Measuring and (slightly) Improving Post-Quantum Handshake Performance
2024-12-17
To defend against the potential advent of "Cryptographically Relevant Quantum Computers" there is a move to using "hybrid" key exchange algorithms. These glue together a widely-deployed classical algorithm (like X25519) and a new post-quantum-secure algorithm (like ML-KEM) and treat the result as one TLS-level key exchange algorithm (like X25519MLKEM768).
In this report, first we'll measure the additional cost of post-quantum-secure key exchange. Then we'll describe and measure an optimization we have implemented.
Headline measurements
All these measurements are taken on our amd64 benchmarking machine, which has a Xeon E-2386G CPU. We'll compare:
- rustls using post-quantum-insecure X25519 key exchange,
- rustls using post-quantum-secure X25519MLKEM768 key exchange, and
- OpenSSL 3.3.2 using post-quantum-insecure X25519 key exchange.
All three are taken on the same hardware, and the latter measurements are from our previous report -- which also contains reproduction instructions and describes what the benchmarks measure.
One important thing to note is that post-quantum key exchange involves sending and receiving much larger messages than classical ones. Our benchmark design only covers CPU costs -- and does not include networking -- so real-world performance will be worse than these measurements.
The cost of X25519MLKEM768 post-quantum key exchange is clearly visible for both clients and servers.
We can see that the performance headroom that rustls has attained means we can almost completely absorb the extra cost of post-quantum key exchange, while still performing better than (post-quantum-insecure) OpenSSL -- with the exception of client resumption.
We will do further comparative benchmarking in this area when OpenSSL gains post-quantum key exchange support.

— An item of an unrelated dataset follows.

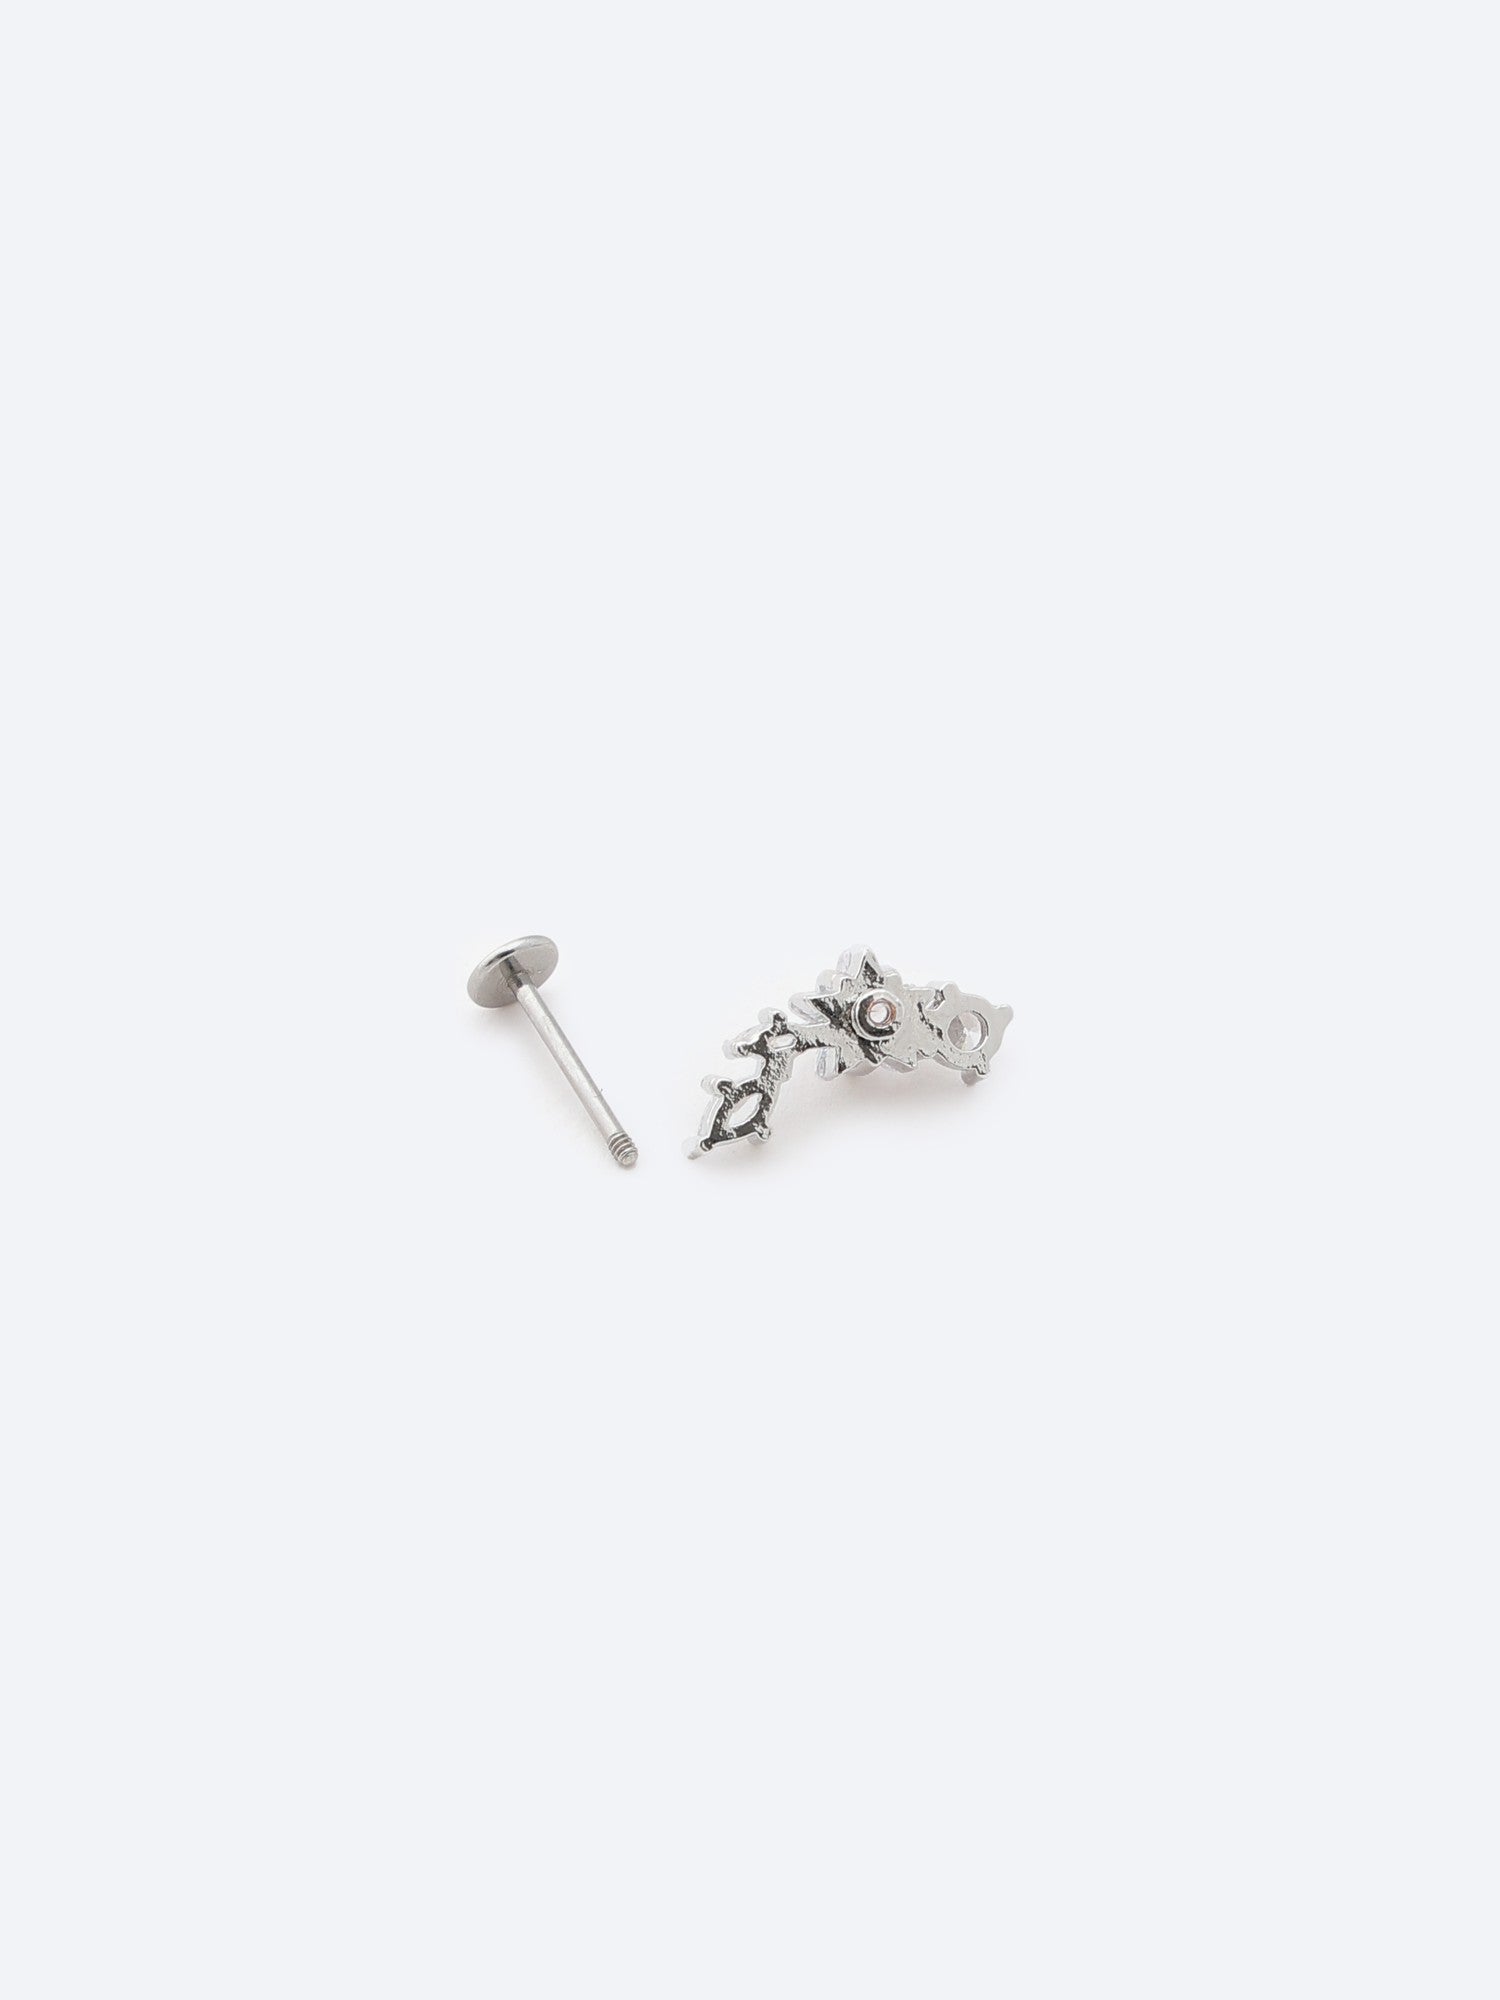 Ember Silver-Tone Stainless Steel Stud Earrings

Sharing X25519 setup costs
Background
In TLS1.3, the client starts the key exchange in its first message (the ClientHello
).
The ClientHello
includes both a description of which algorithms the client supports, and
zero or more presumptive "key shares".
The server then evaluates which algorithms it is willing to use, and either uses one
of the presumptive key shares, or replies with a HelloRetryRequest
which instructs
the client to send new ClientHello
with a specific, mutually-acceptable key share.
A HelloRetryRequest
can be expensive, because it introduces an additional round trip
into the handshake. It also means any work the client did for its presumptive key
shares is wasted.
It's therefore advantageous for a client to avoid HelloRetryRequest
s, by:
-
Having prior knowledge of the server's preferences. draft-ietf-tls-key-share-prediction is an effort to standardize a mechanism for a client to learn this out-of-band.
-
Remembering a server's preferences from a previous connection. rustls has done this since adding support for TLS1.3 in 2017. This generally means a client making many connections to one server may avoid repeated
HelloRetryRequest
s. -
Sending many presumptive key shares. Though there's an obvious trade-off in terms of wasted computation and message size.
-
Following ecosystem preferences. X25519 key exchange is overwhelmingly preferred in TLS1.3 implementations, due to its performance and implementation quality.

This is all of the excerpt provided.